Prof. Dr. Şükriye Bilge Gürsel, a faculty member of the Radiation Oncology Department at Ondokuz Mayıs University's Faculty of Medicine, has made a significant contribution to the use of artificial intelligence in breast cancer treatment.
What sets Prof. Dr. Gürsel apart from her colleagues is that she completed this study not only as a doctor but also as a computer engineer, as part of her graduation thesis. While an associate professor at the Ondokuz Mayıs Faculty of Medicine, Gürsel re-entered university exams and won a place in computer engineering. Three years later, she graduated with high honors in engineering and was also promoted to a professorship in medicine. In her engineering thesis, she drew on her medical expertise and signed off on a pilot study capable of predicting recurrences in cervical and breast cancer post-treatment with 92% accuracy using artificial intelligence.
At the 15th National Radiation Oncology Congress organized by the Turkish Radiation Oncology Association (TROD), one of the most exciting topics was the session where Prof. Dr. Gürsel discussed her work on using artificial intelligence in breast cancer. What distinguishes her from her peers is that she accomplished this study not just as a doctor but also as a computer engineer through her own thesis.

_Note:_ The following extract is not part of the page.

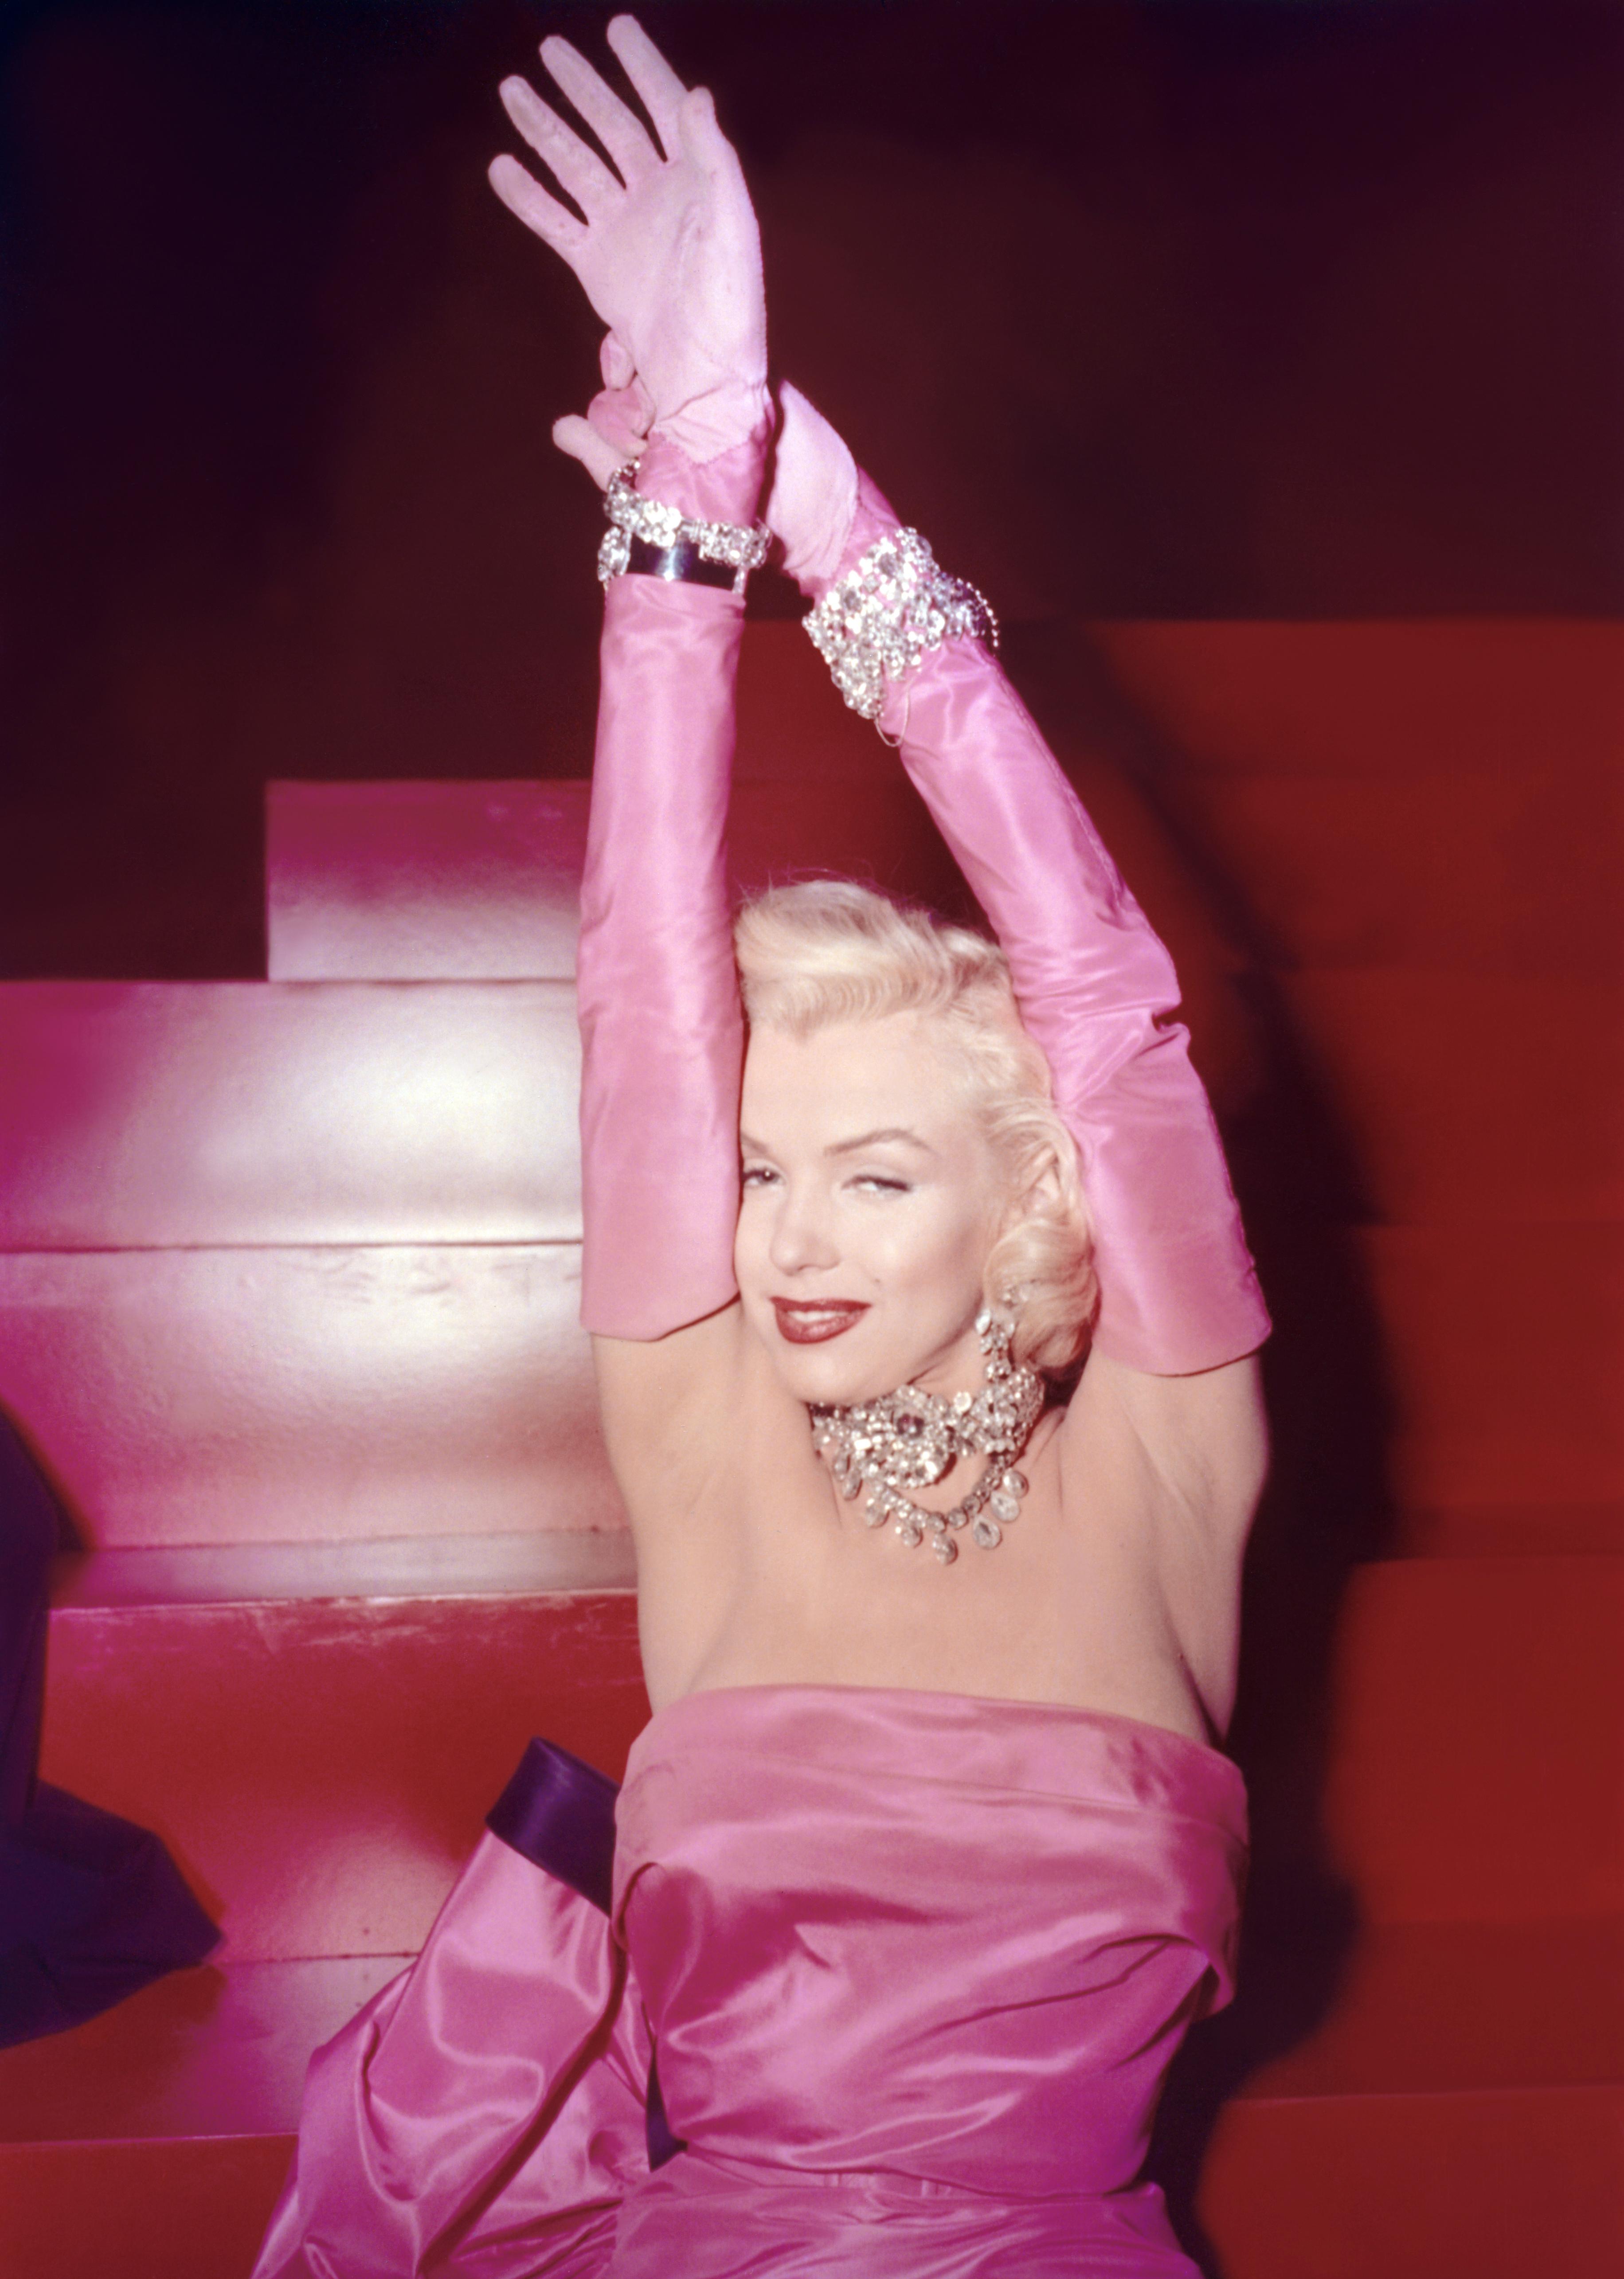 SJOKKROSA: Marilyn i den rosa kjolen som har blitt et historisk film-øyeblikk. 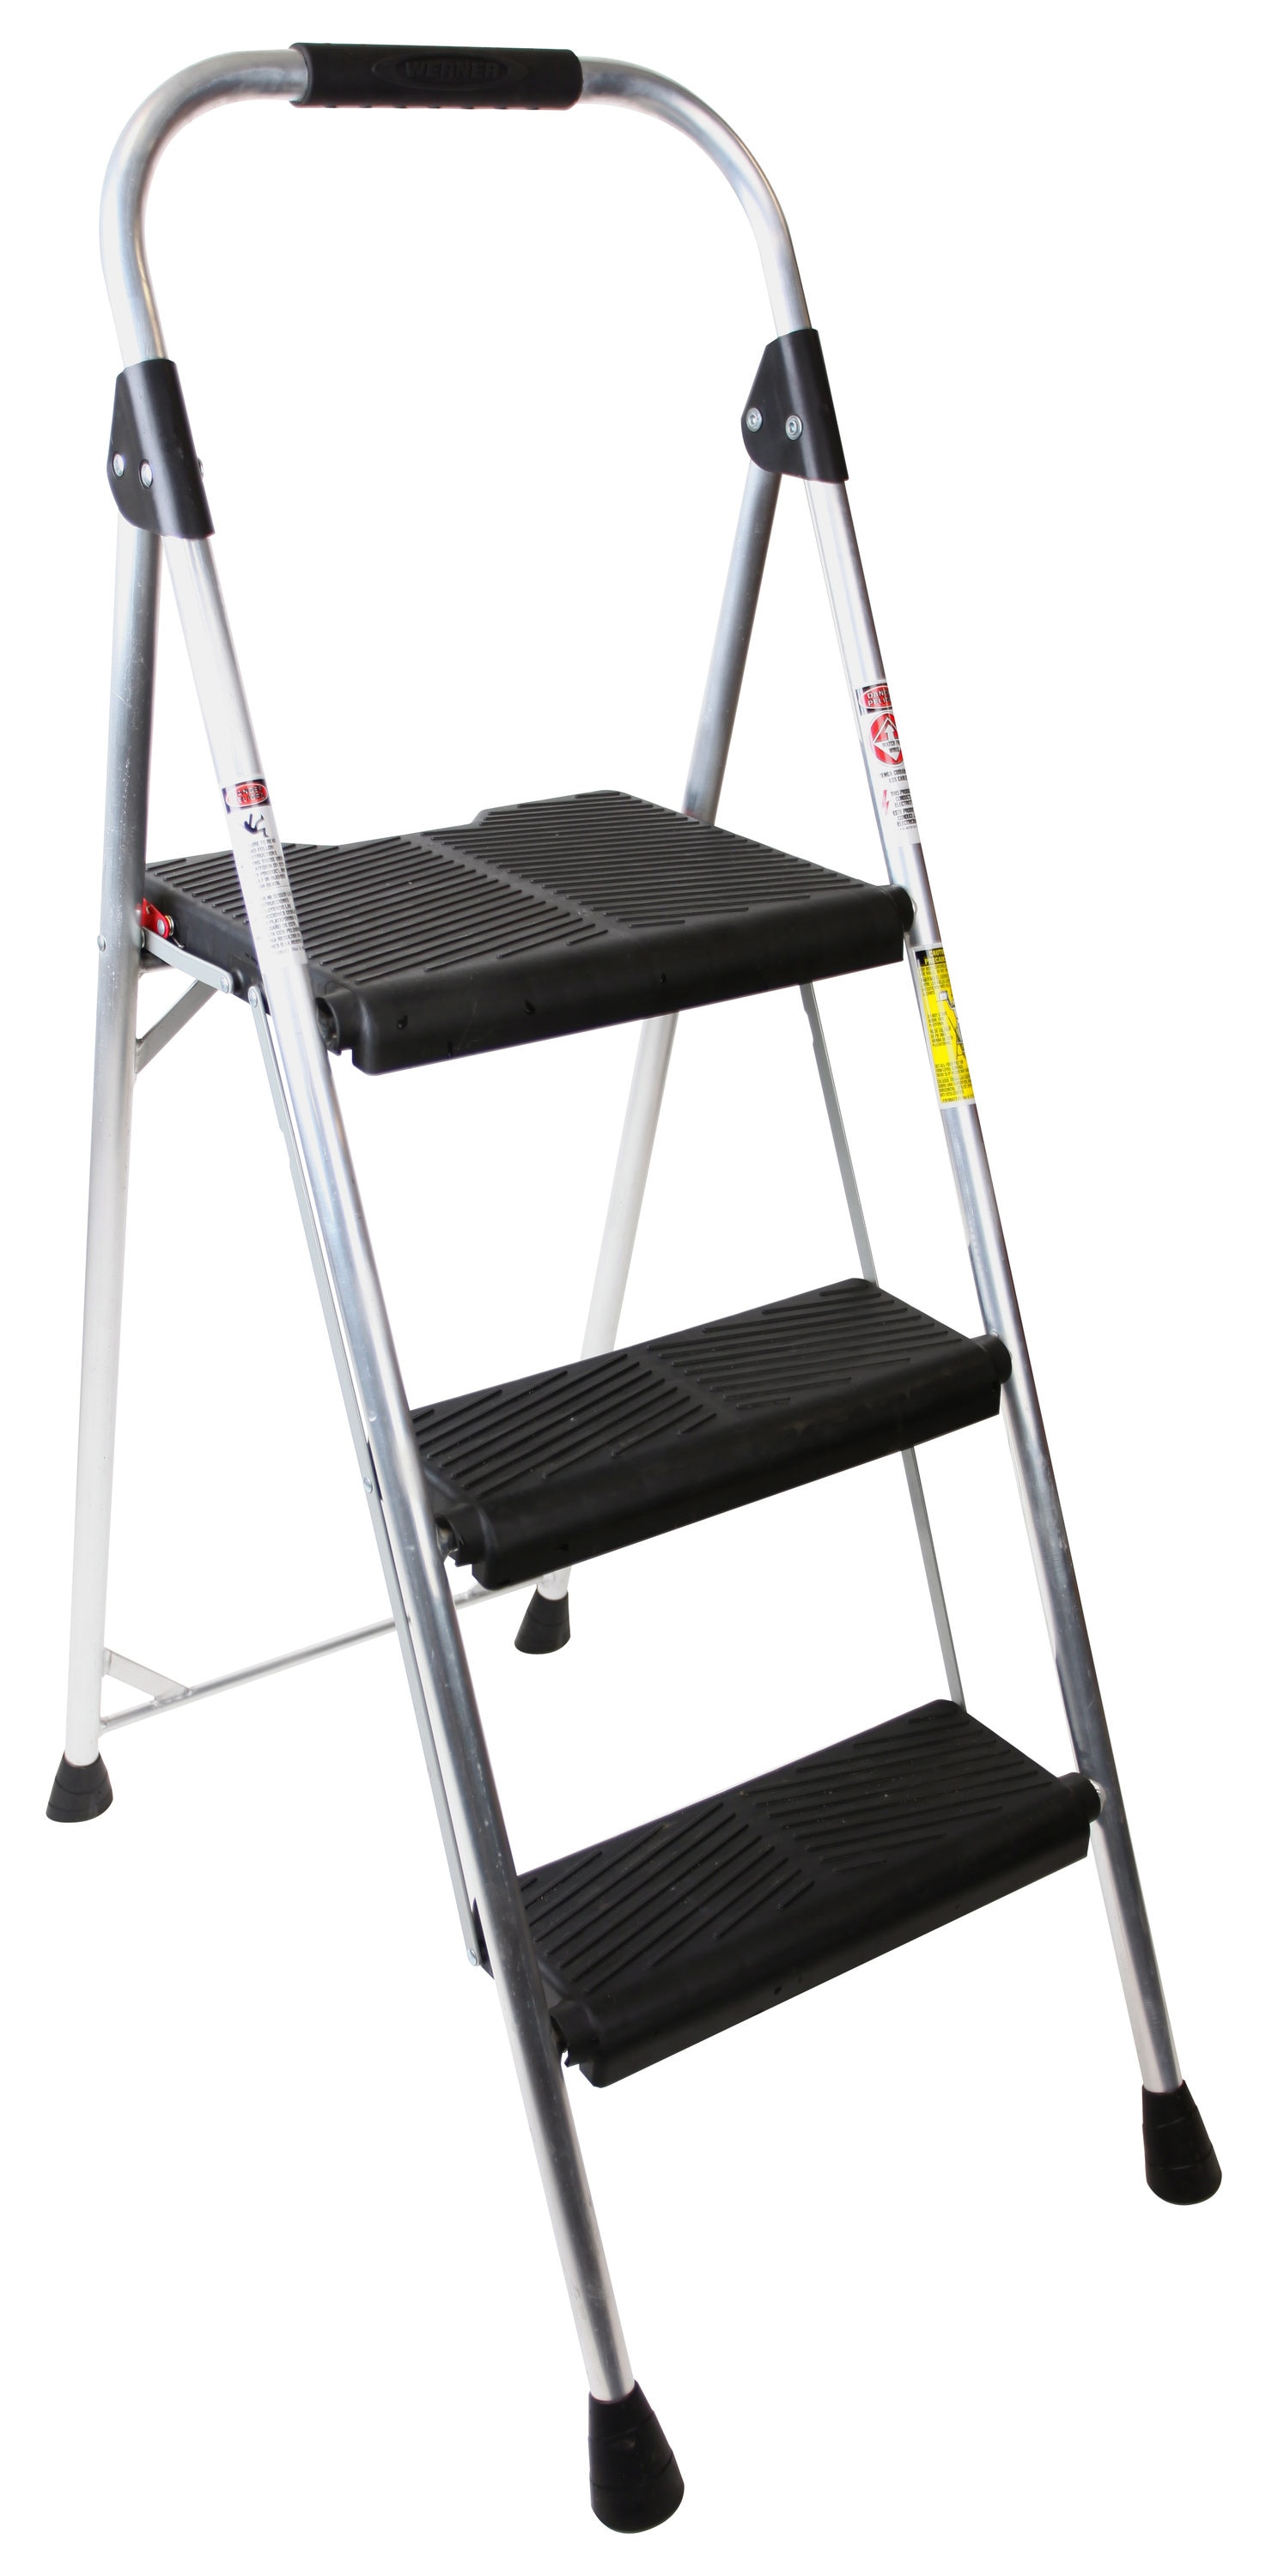 New Aluminum Ladder 3 Step Folding Platform Work Stool Lightweight Home Kitchen

Prof. Dr. Gürsel, who completed her engineering degree in three years with high honors thanks to the numerical courses she had previously taken, said, "I was a faculty member during the day and attended classes until late at night. In my 40s, I felt like I was reliving my 20s. There's no other doctor in Turkey who has graduated in computer engineering in the field of radiation oncology. I started in 2019 and finished in 2022. I graduated with high honors. We did two projects for the thesis. Both were in the health field.
"One project was about recurrence prediction in breast and cervical tumors using artificial intelligence applications. With artificial intelligence, collecting various patient data and parameters for breast or cervical cancer, it's possible to predict whether the disease will recur and how much the recurrence will decrease with certain treatments. This was demonstrated in my pilot study," she explained.
Prof. Dr. Gürsel shared details about her pilot study for her final project, which included 1,090 cancer patients from two centers with five-year follow-ups: "After teaching the AI the data of patients who had recurrences and those who didn't, the test group had a program that predicted with a 92% accuracy rate. Cancer has many parameters, such as molecular, genetic, and radiometric data. The human brain can't make these predictions for each parameter, but artificial intelligence will enable us. It will present data like 'this patient is at very high risk, the recurrence risk in 5 years is this high or low.' This will allow us to recommend more intense, more aggressive treatments for this patient, thus minimizing the risk of recurrence."
Positioning herself as an interface between medicine and engineering, Prof. Dr. Gürsel concluded: "The collection and processing of health data and developments in cancer are rapidly increasing; there's a lot of data. For example, just for one patient, data of 8 GB is generated. The human brain can't convert this much data into knowledge. Türkiye's data is also very important; we can't process 97% of our data. For example, that 8 GB of data for a patient isn't being used much. It stays in archives on computers. Data mining and artificial intelligence applications will be our hands and feet in converting this into knowledge and will be a method that must definitely be used in cancer treatments."